**What to do**
Write every line of the material again exactly, with no pictures in the copy.

**Raw data**
::::
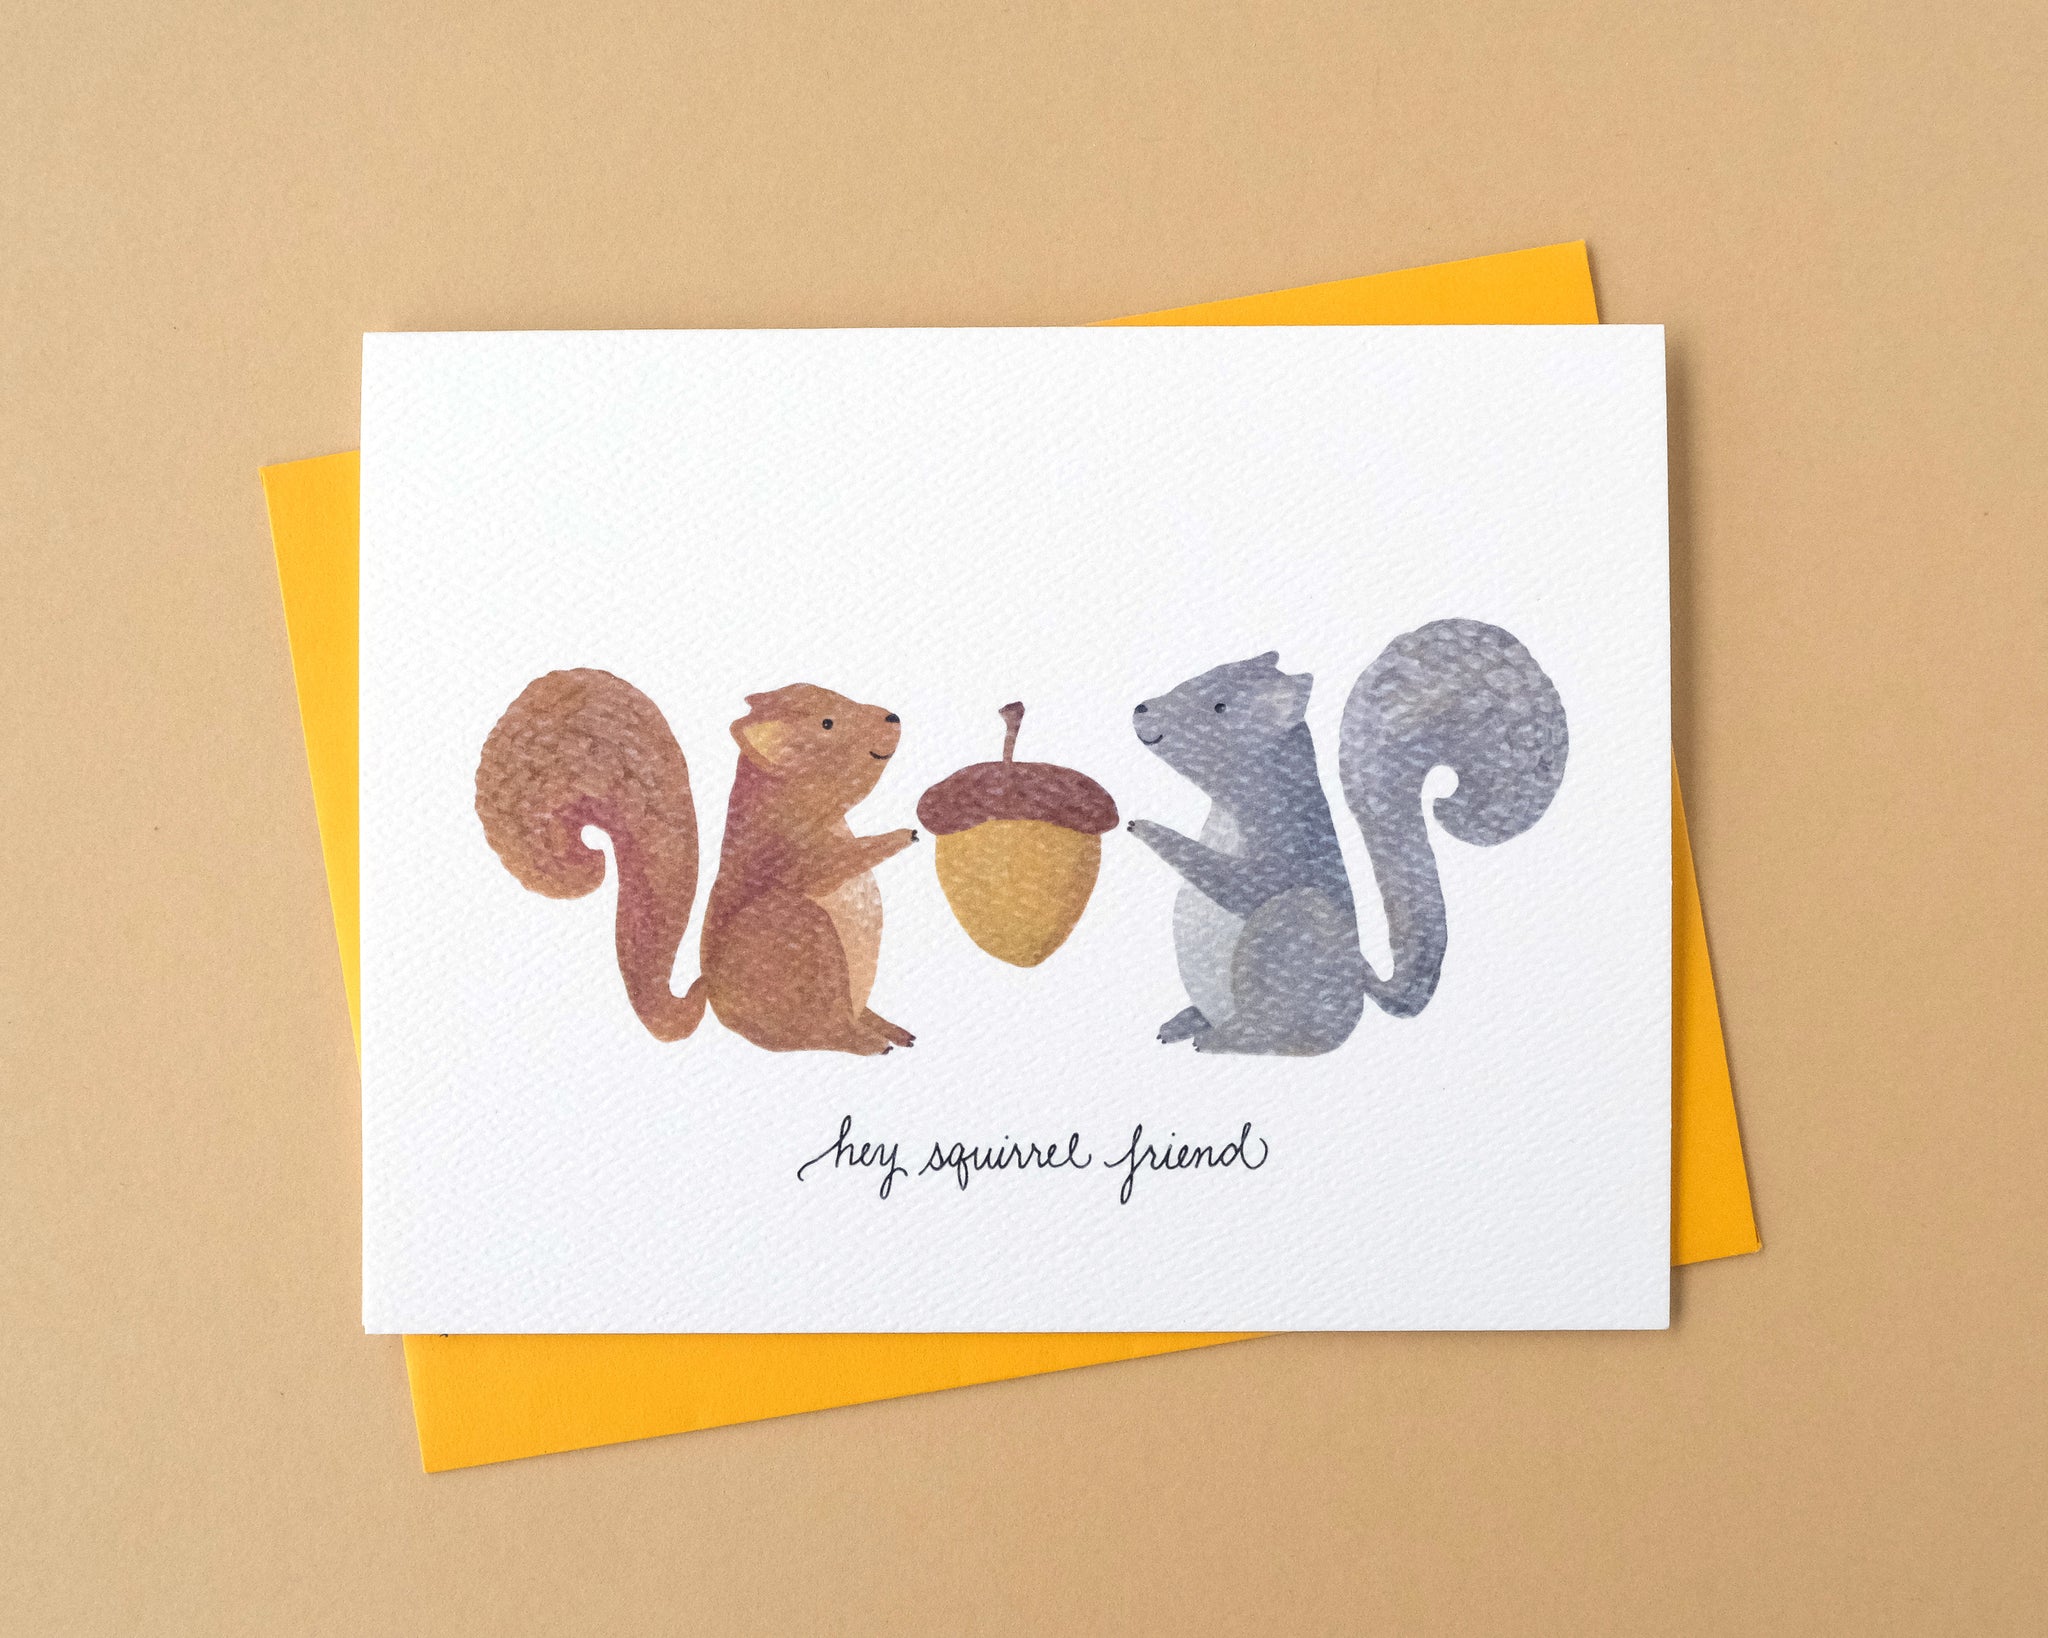 Hey Squirrel Friend Greeting Card
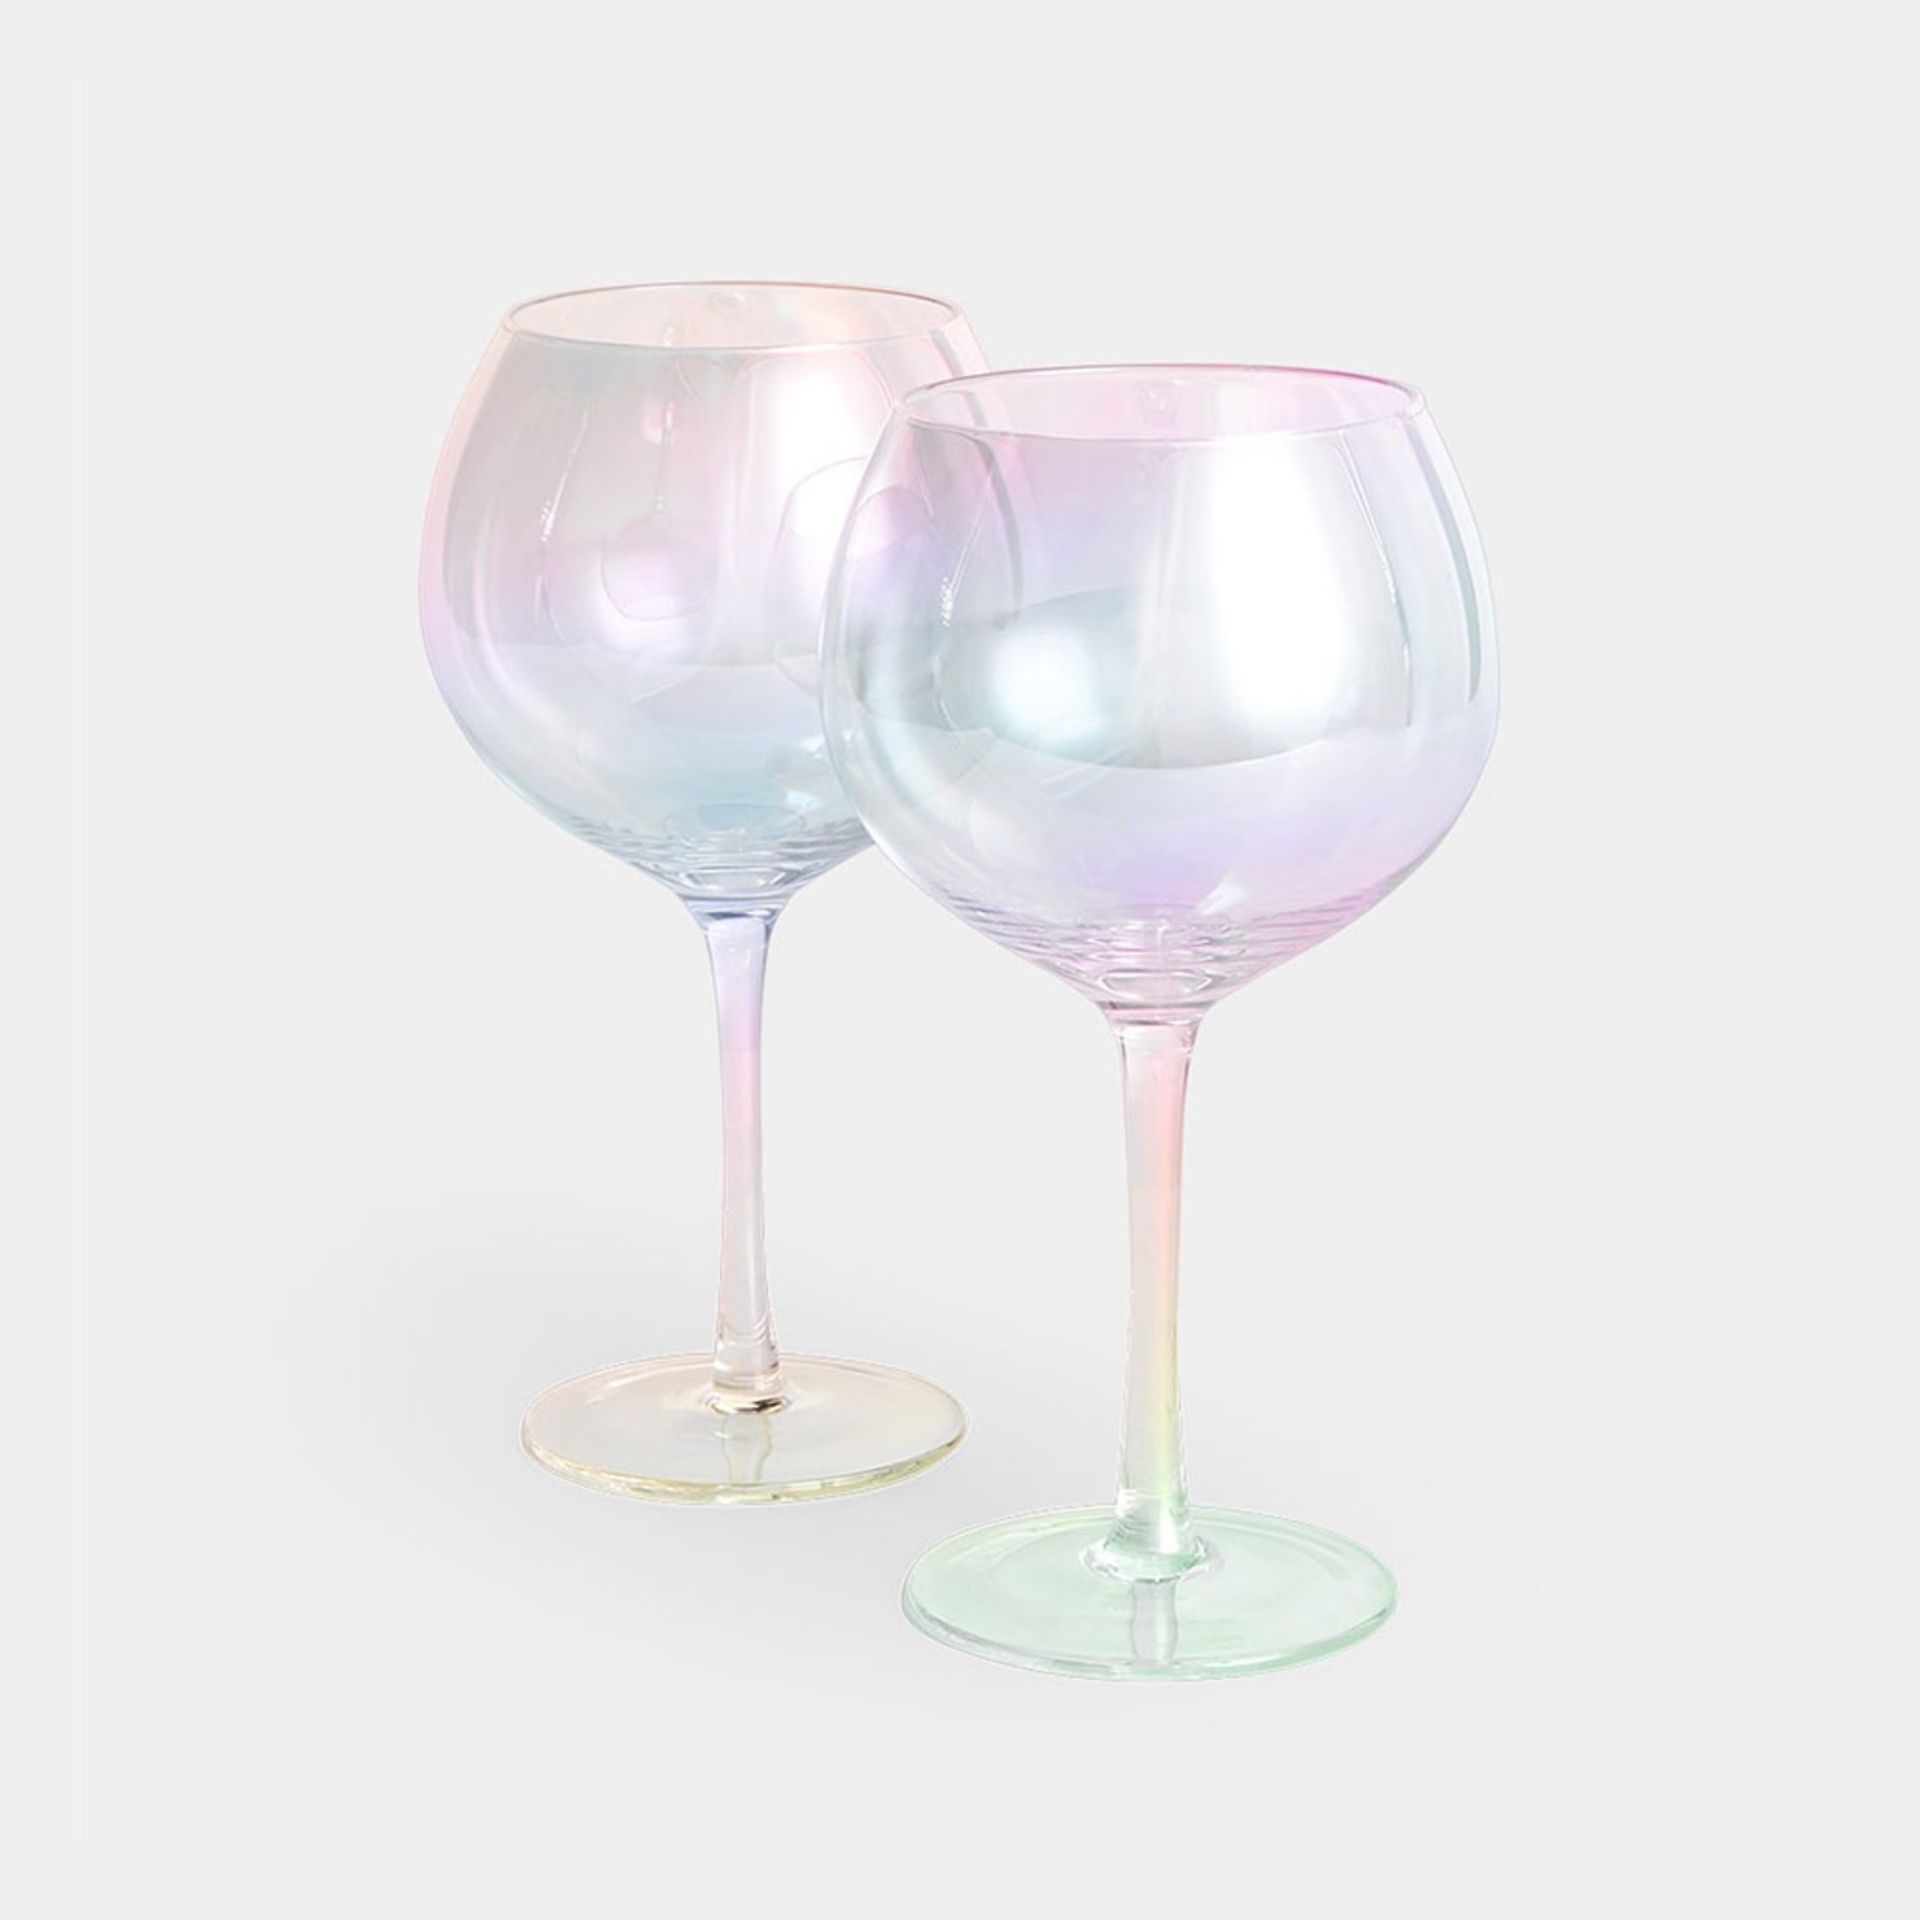 Iridescent Gin Glasses- ER30
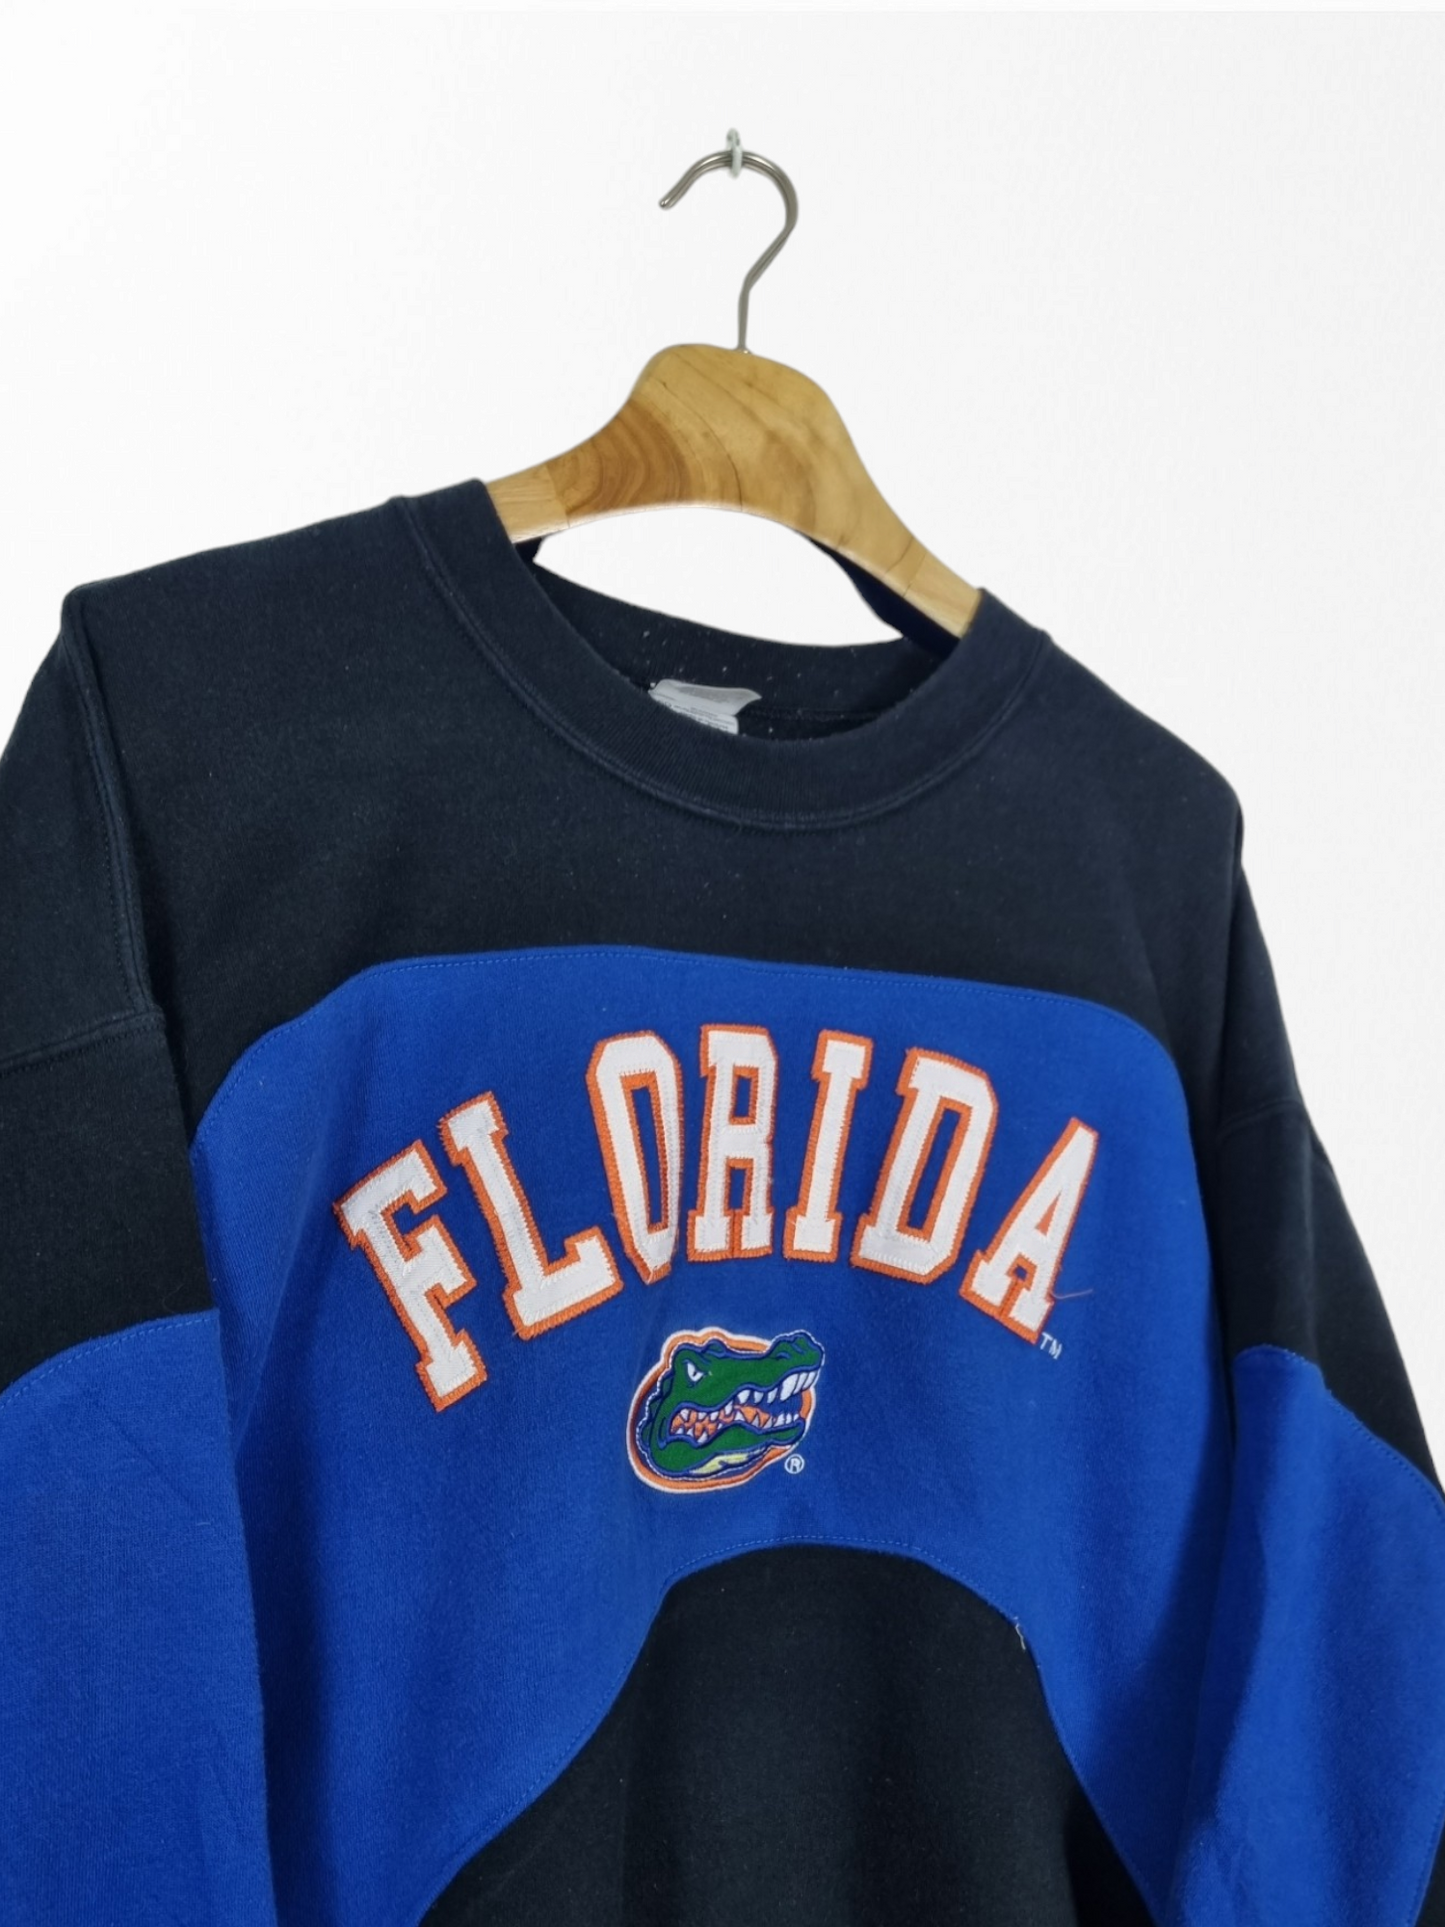 Florida crocodile sweater maat L
::::
**Response area**
 Hey Squirrel Friend Greeting Card
 Iridescent Gin Glasses- ER30
 Florida crocodile sweater maat L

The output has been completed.